◆ **Provided data**:

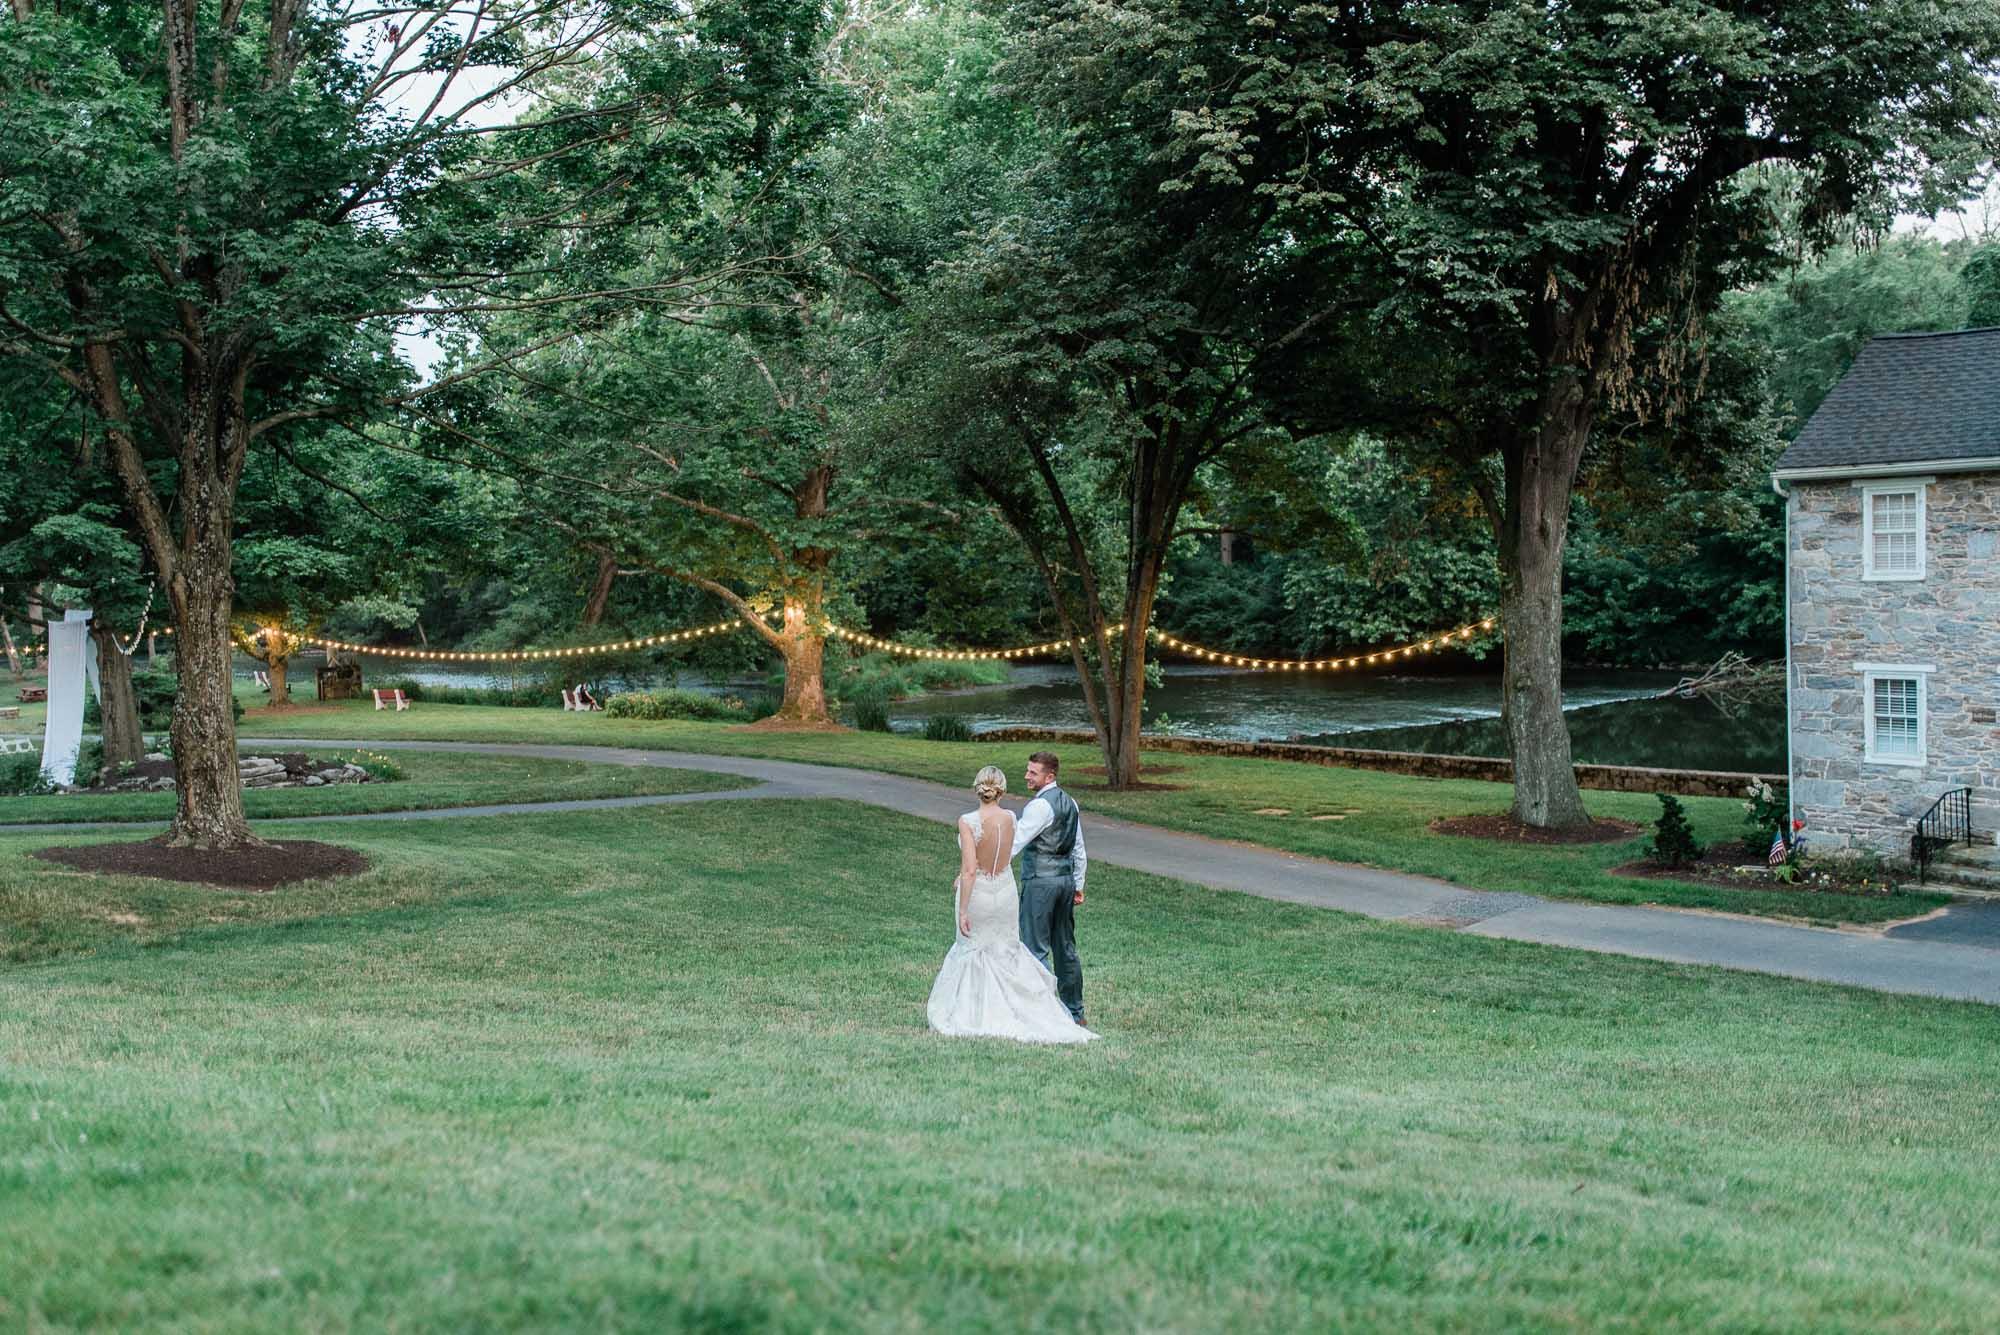 Allenberry-resort-historic-pennsylvania-wedding-1891.jpg
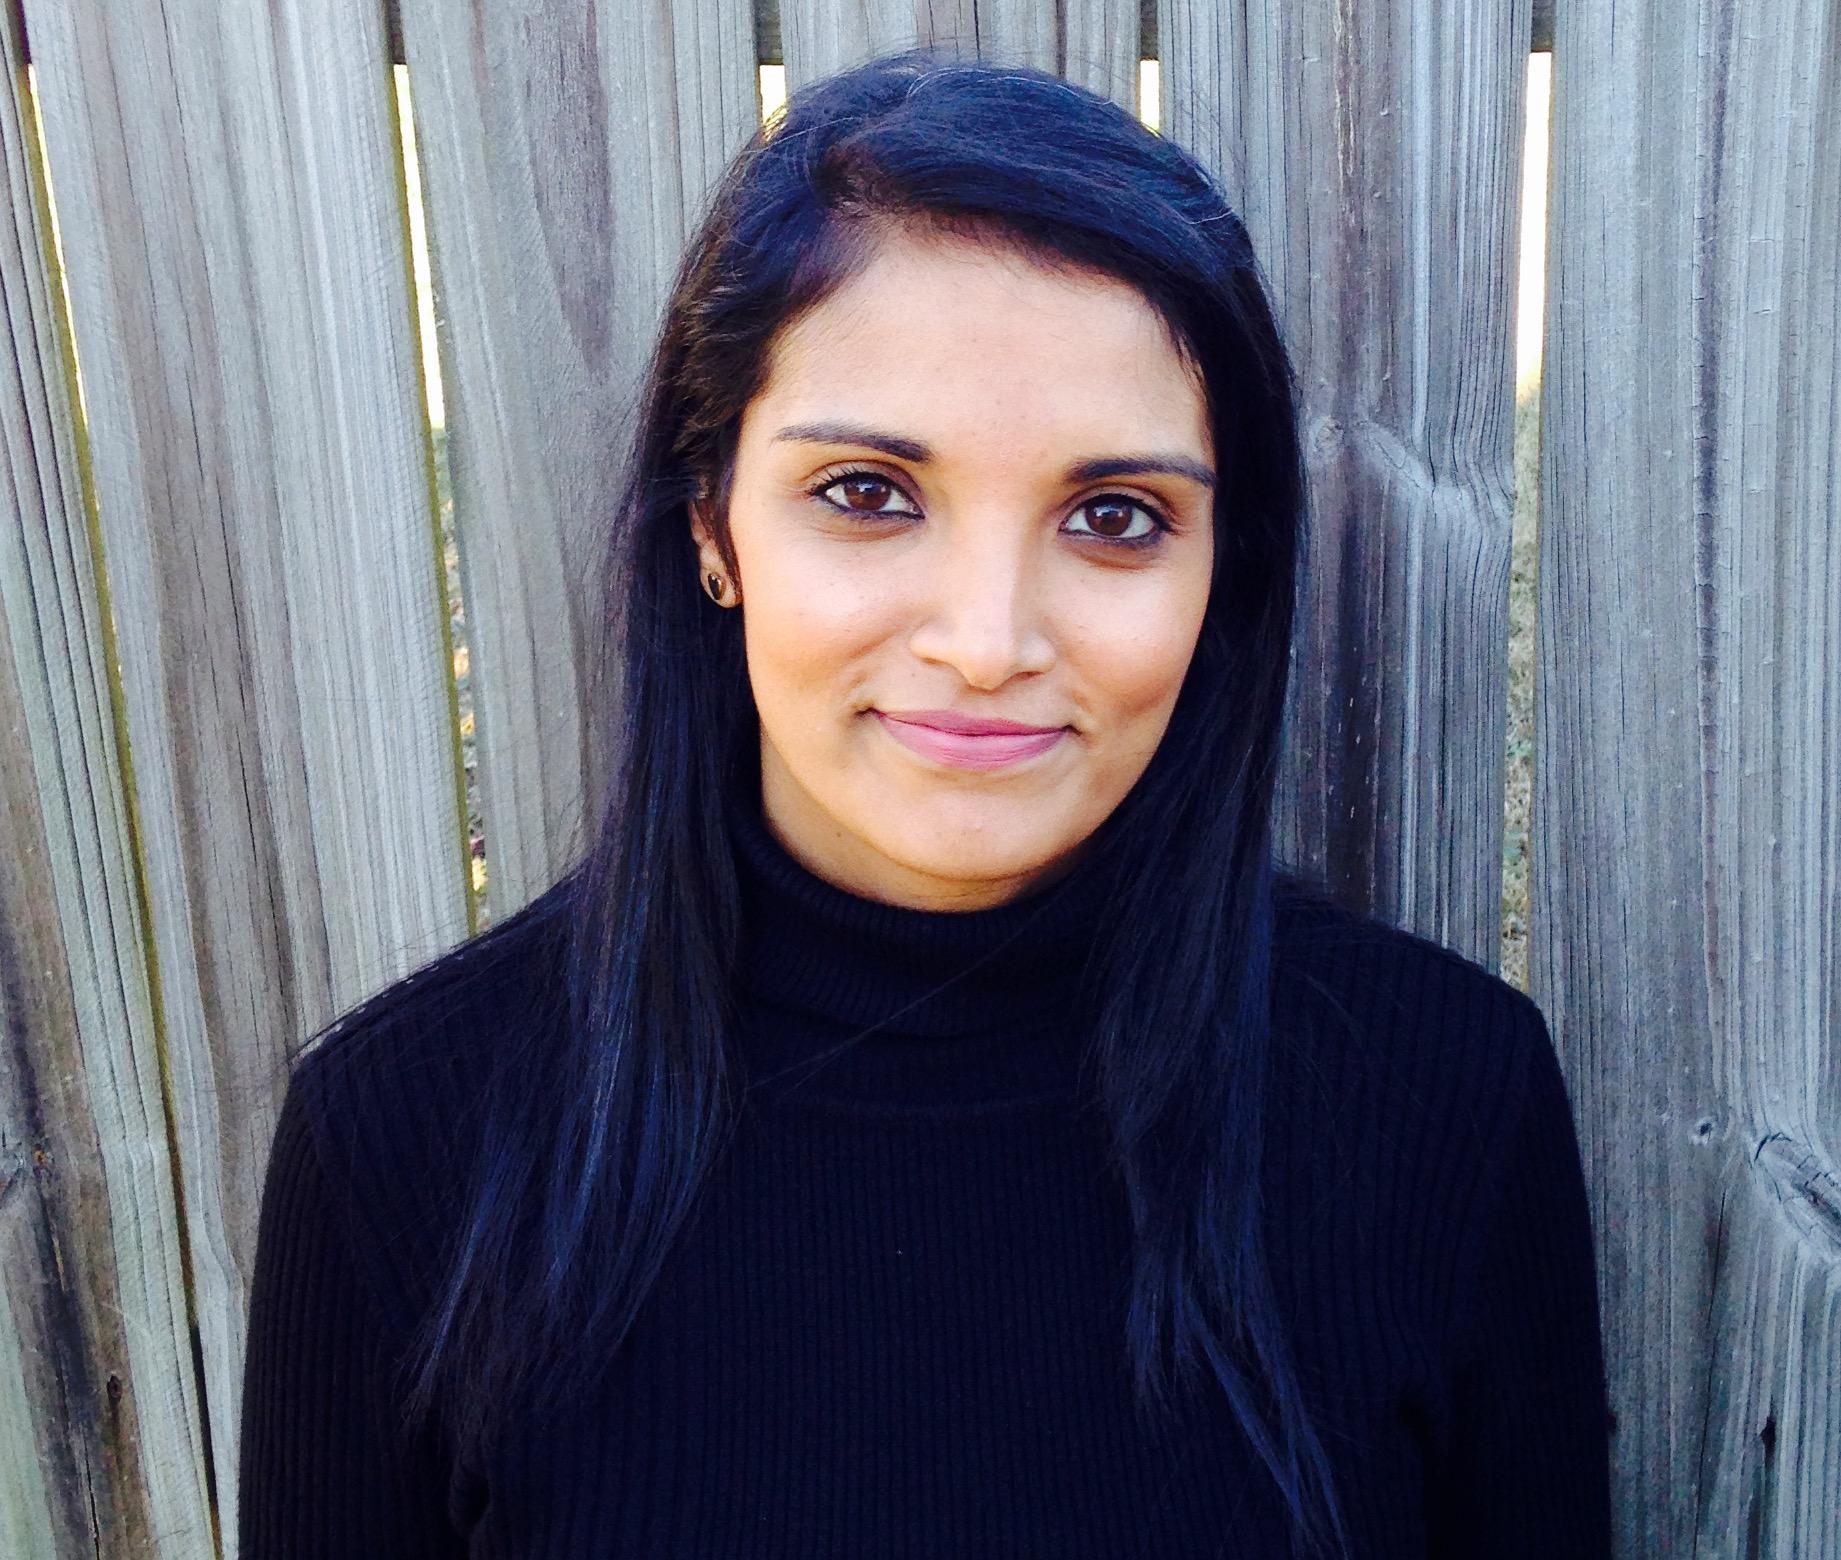 Sandhya Menon - author of When Dimple met Rishi
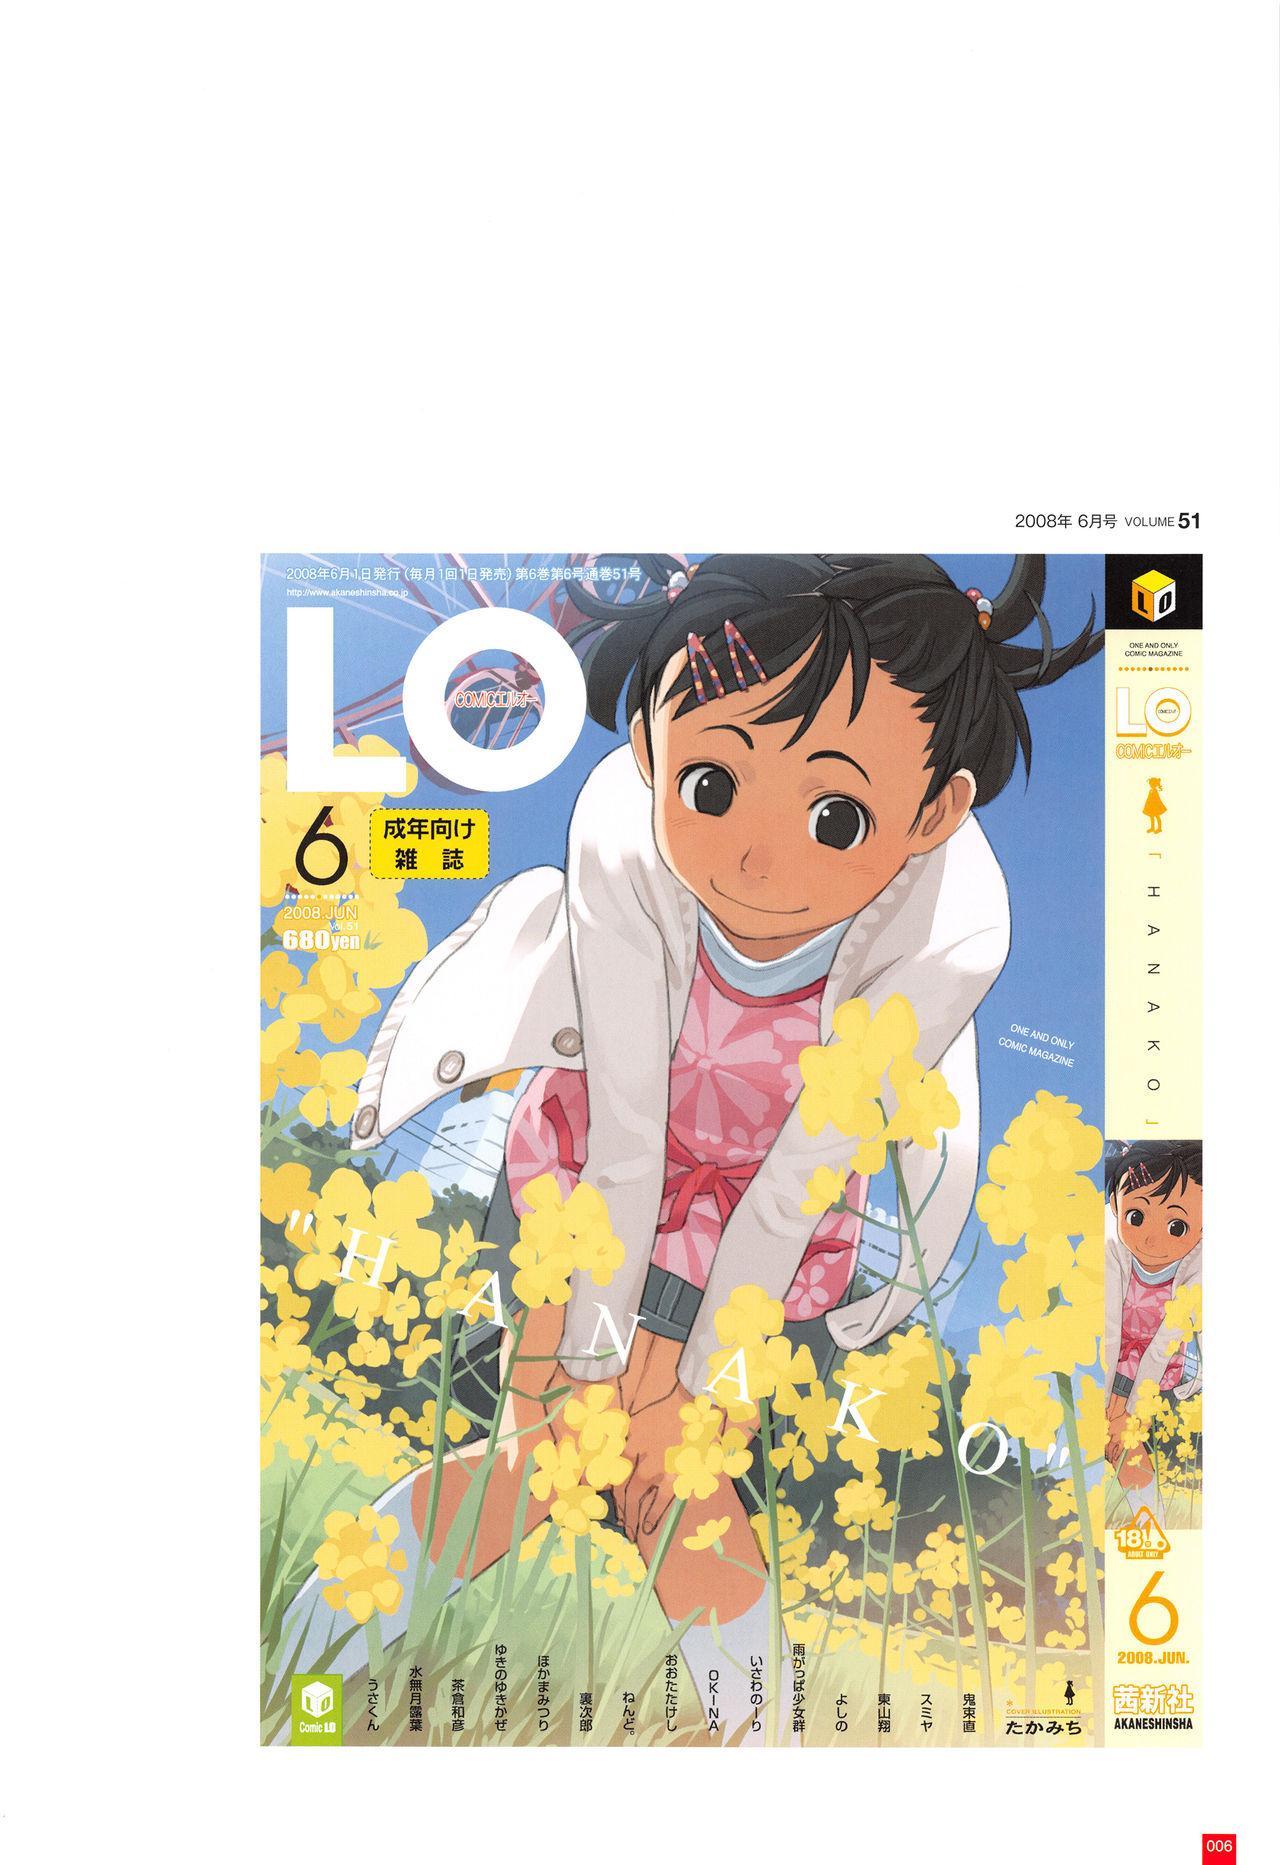 LO Artbook 2-A TAKAMICHI LOOP WORKS 8

◆ **Work instructions**:
Copy the preceding data in full and word for word, dropping its pictures.

◆ **Finished exercise**:
 Allenberry-resort-historic-pennsylvania-wedding-1891.jpg
 Sandhya Menon - author of When Dimple met Rishi
 LO Artbook 2-A TAKAMICHI LOOP WORKS 8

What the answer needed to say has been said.